EXTRACTED ENTRIES: Begin

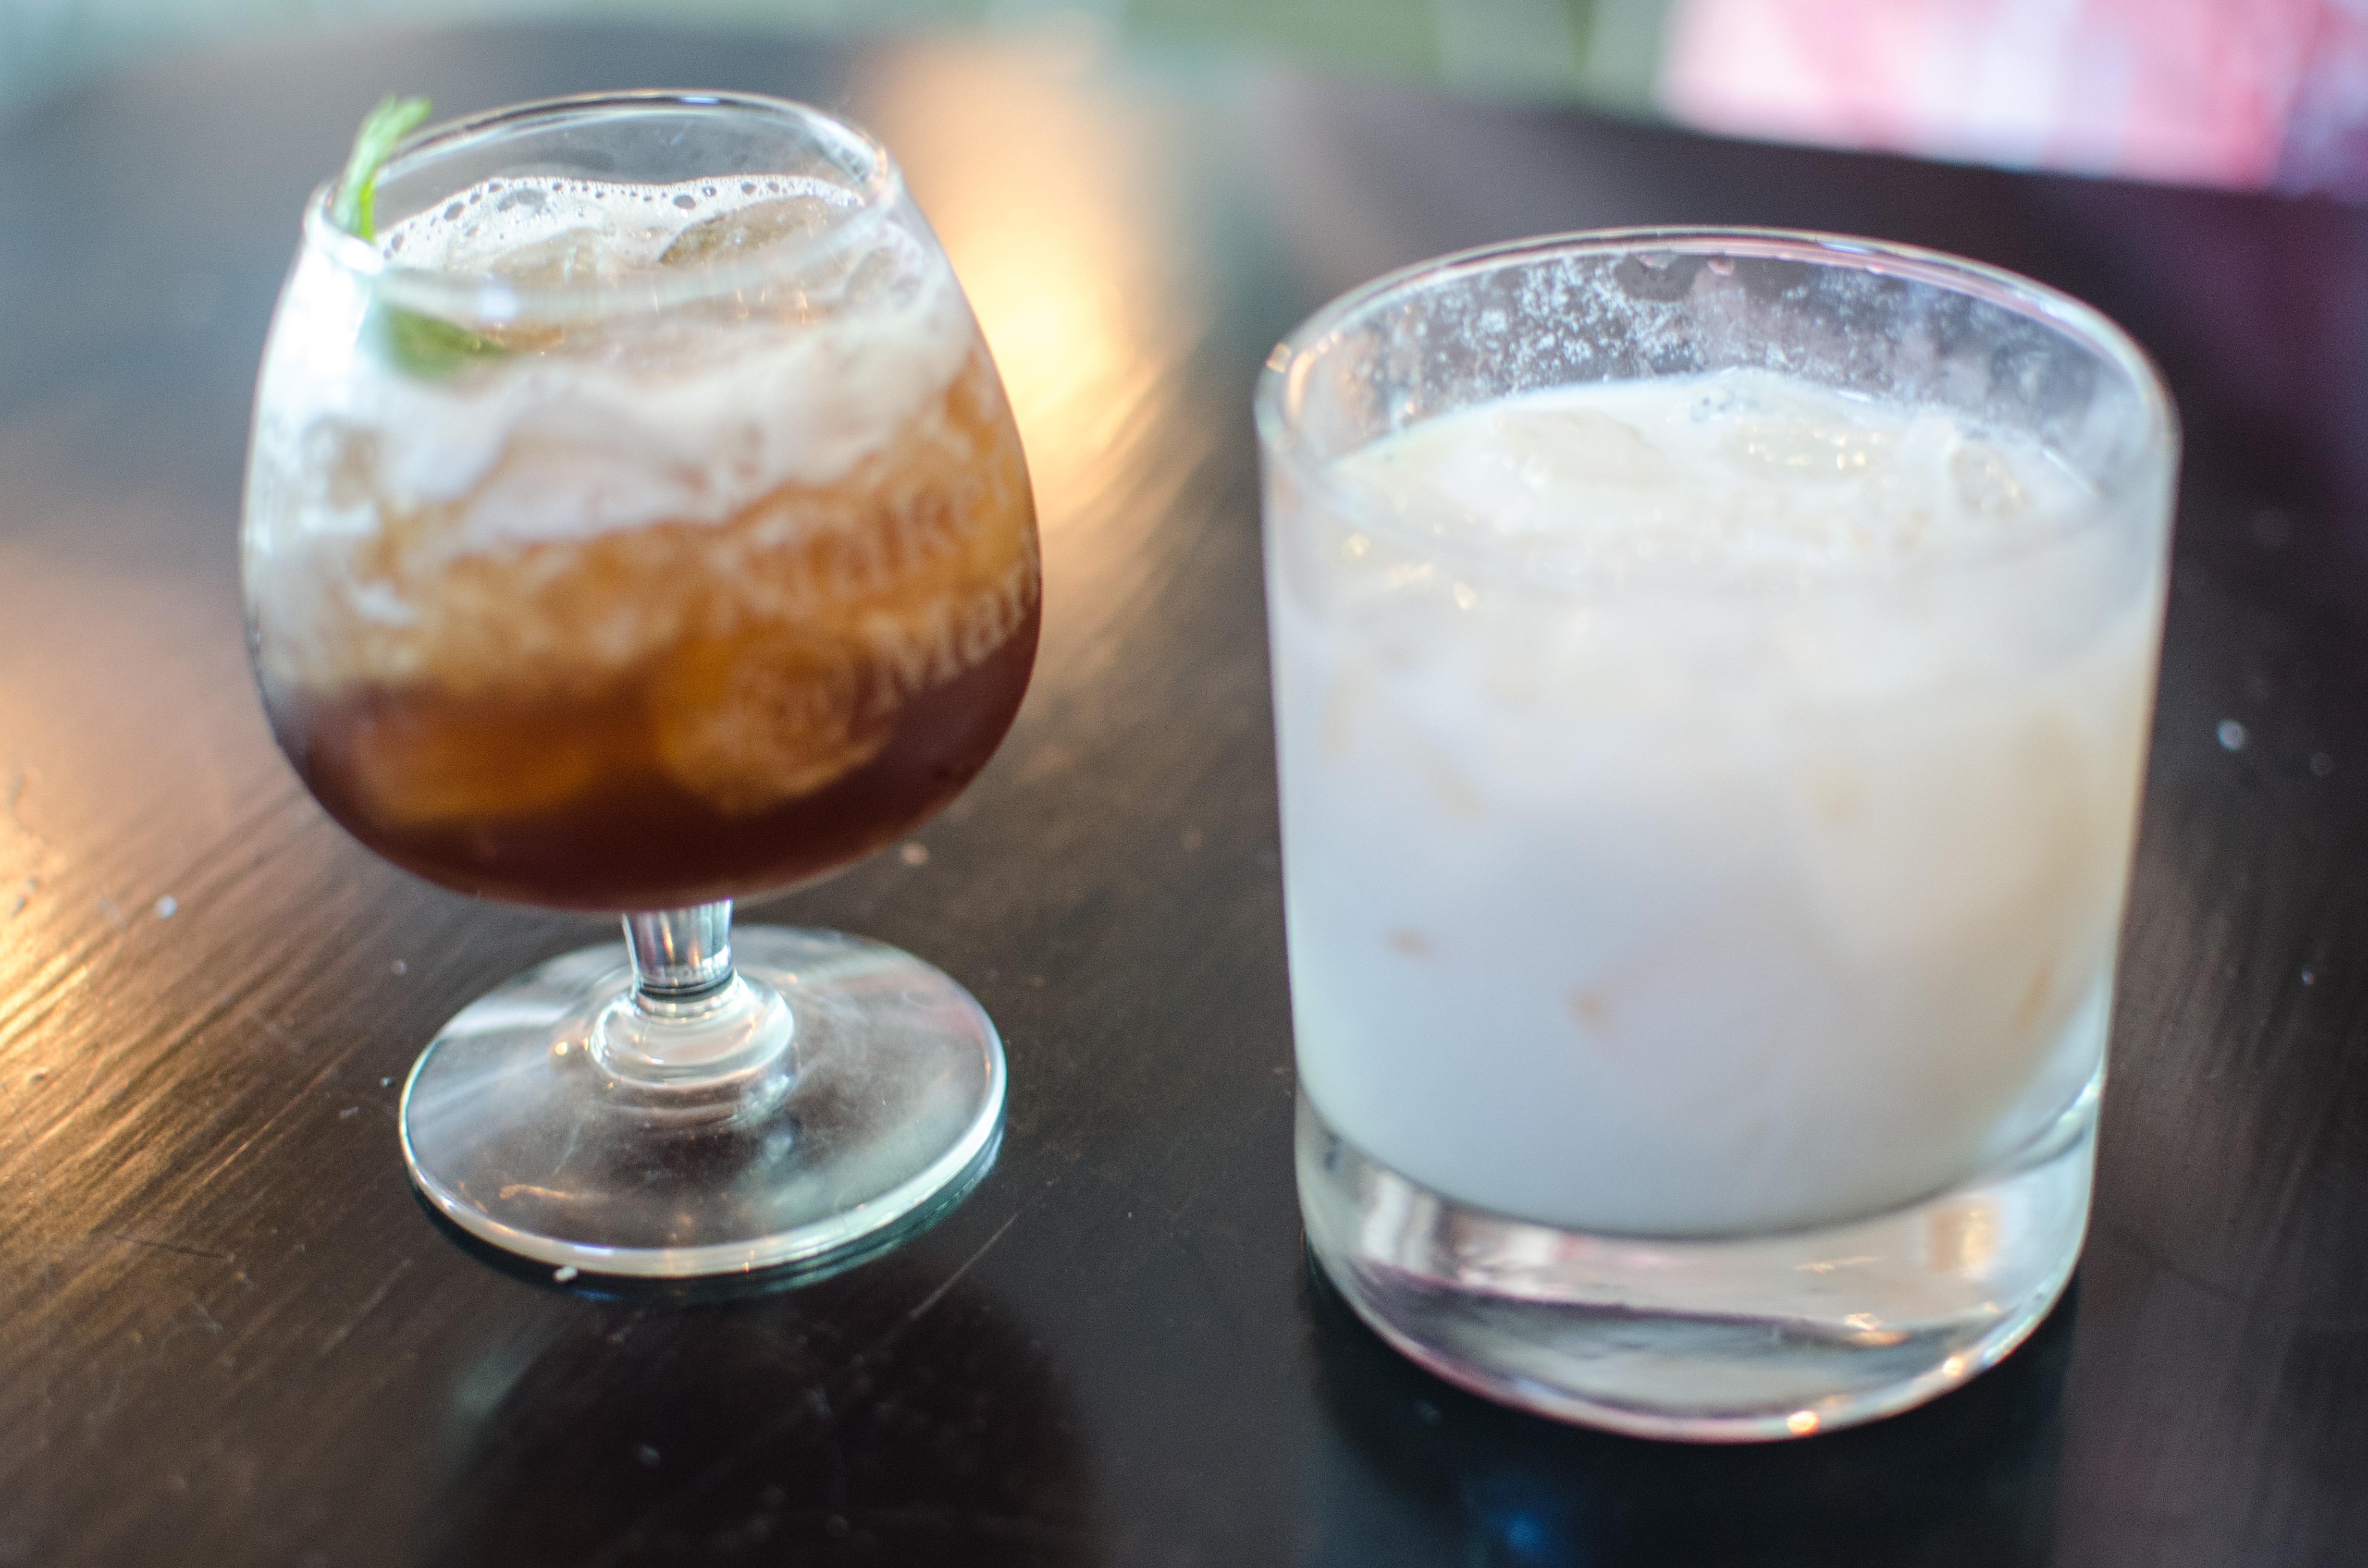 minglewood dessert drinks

EXTRACTED ENTRIES: End
EXTRACTED ENTRIES: Begin

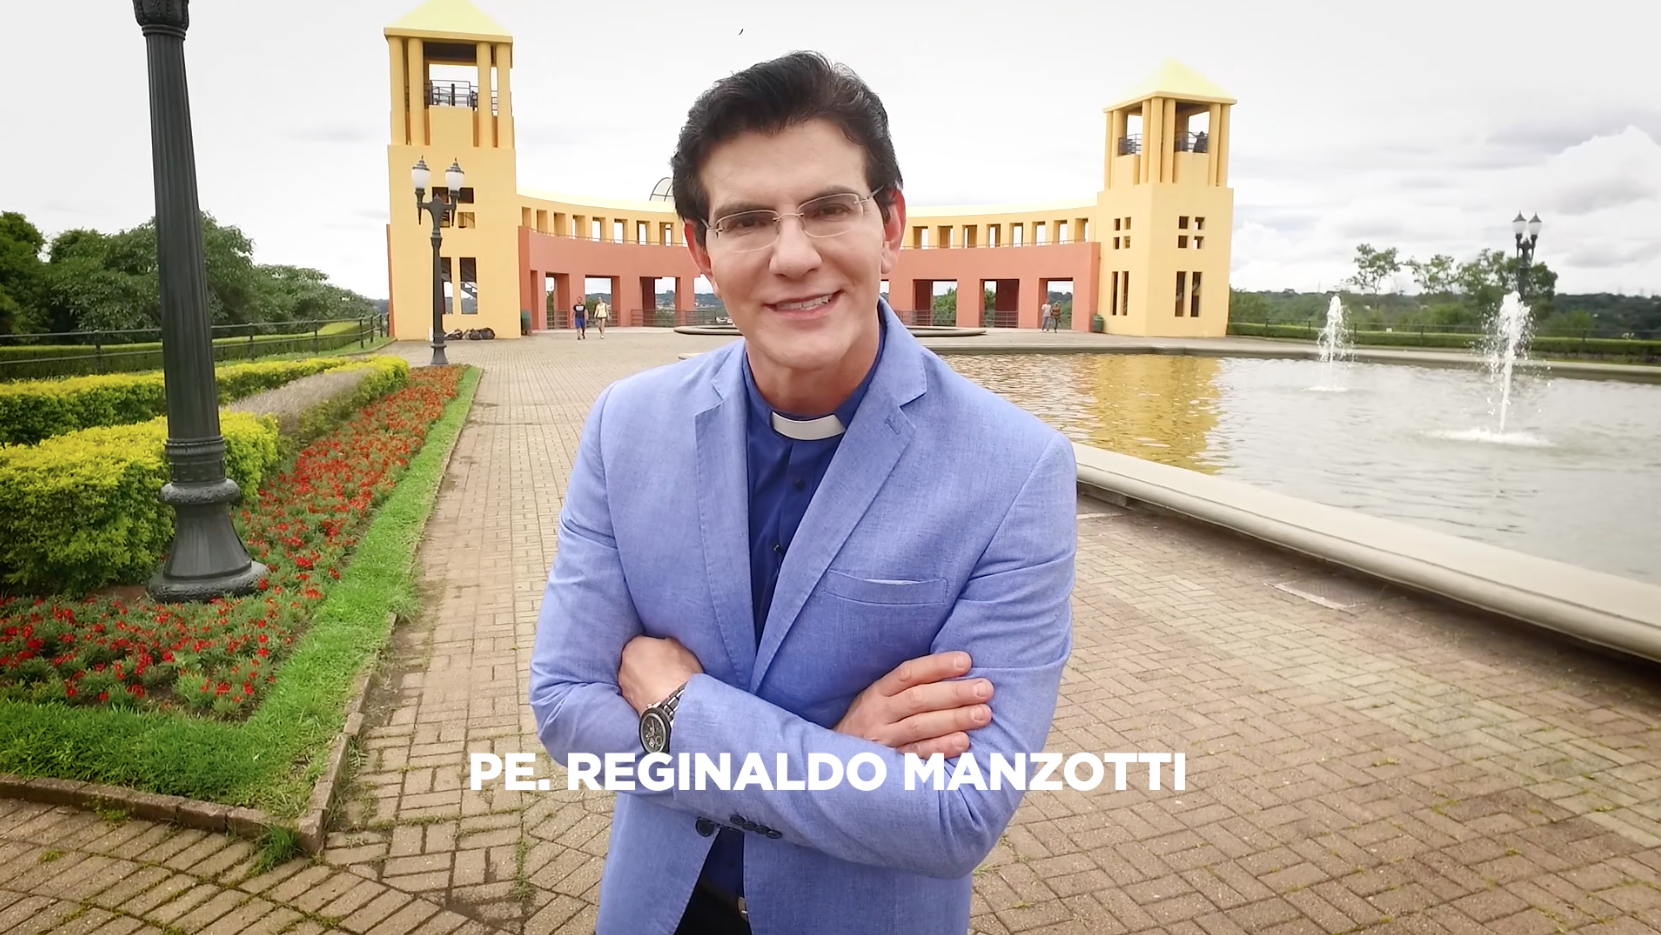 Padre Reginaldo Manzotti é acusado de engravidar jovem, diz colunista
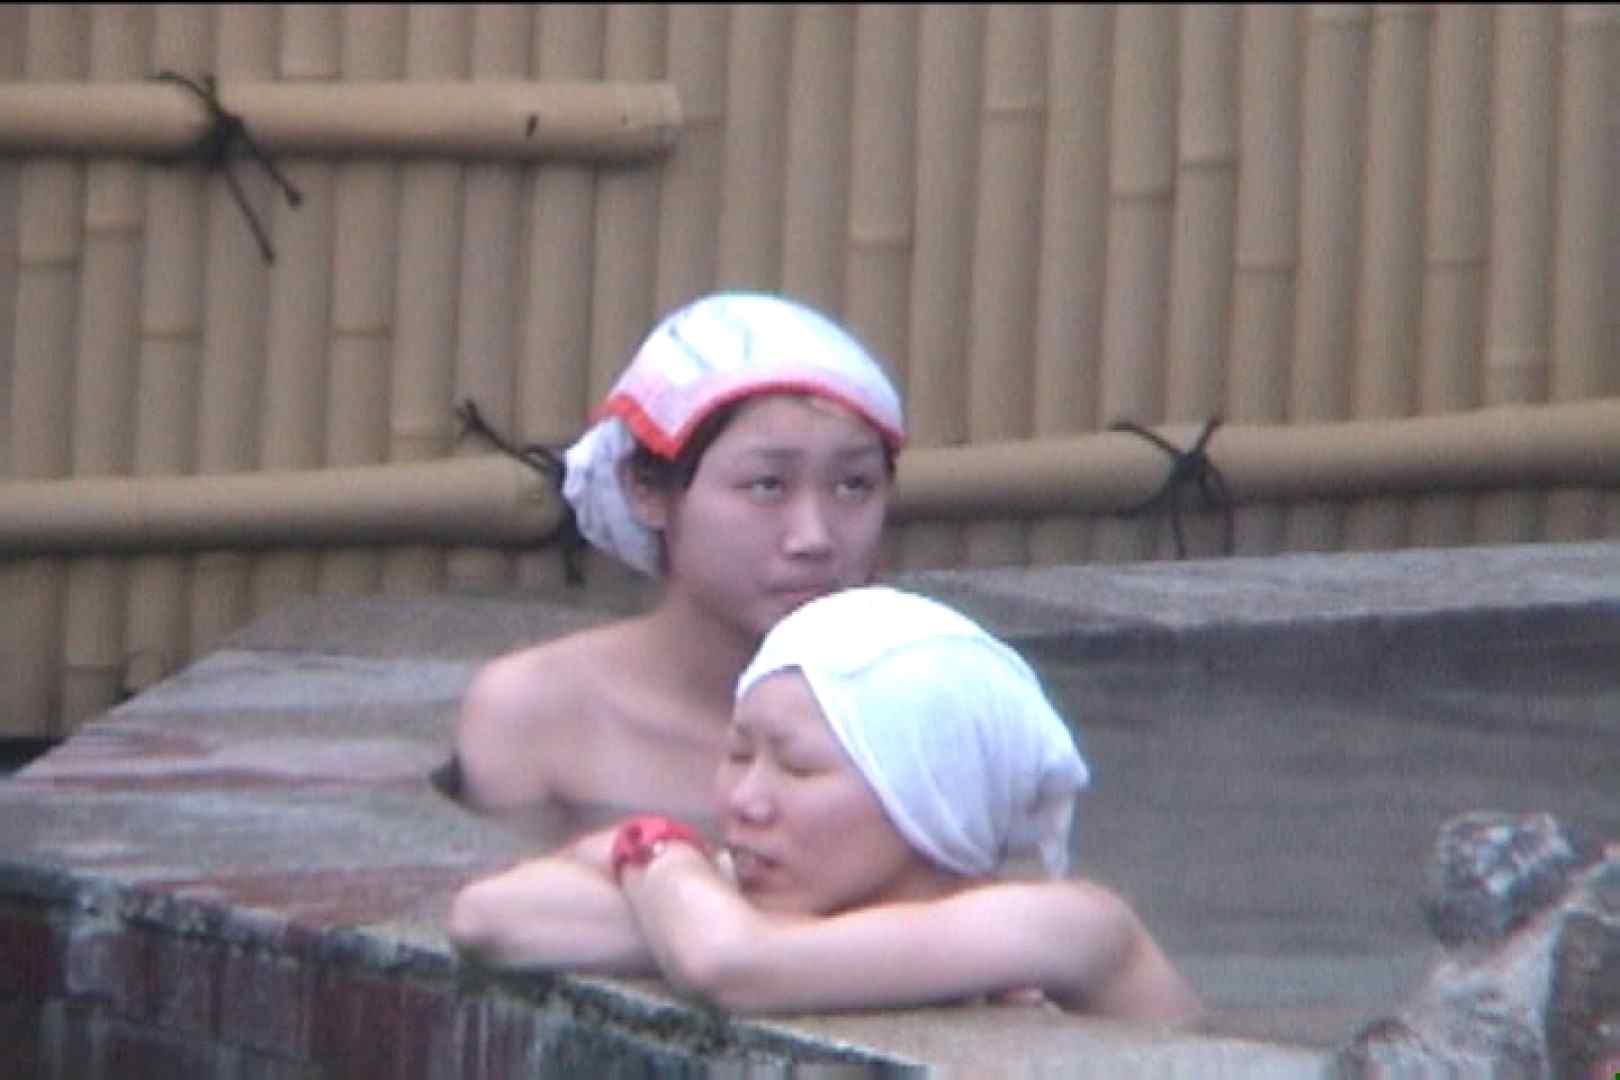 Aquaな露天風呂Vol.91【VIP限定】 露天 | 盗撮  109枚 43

EXTRACTED ENTRIES: End

**ASSIGNMENT:**
Above are some entries. Restate word for word the lines from the one holding "Padre Reginaldo Manzotti" through the one holding "Aquaな露天風呂Vol.91【VIP限定】 露天 |", but not the pictures.

**EXERCISE SOLUTION:**
 Padre Reginaldo Manzotti é acusado de engravidar jovem, diz colunista
 Aquaな露天風呂Vol.91【VIP限定】 露天 | 盗撮  109枚 43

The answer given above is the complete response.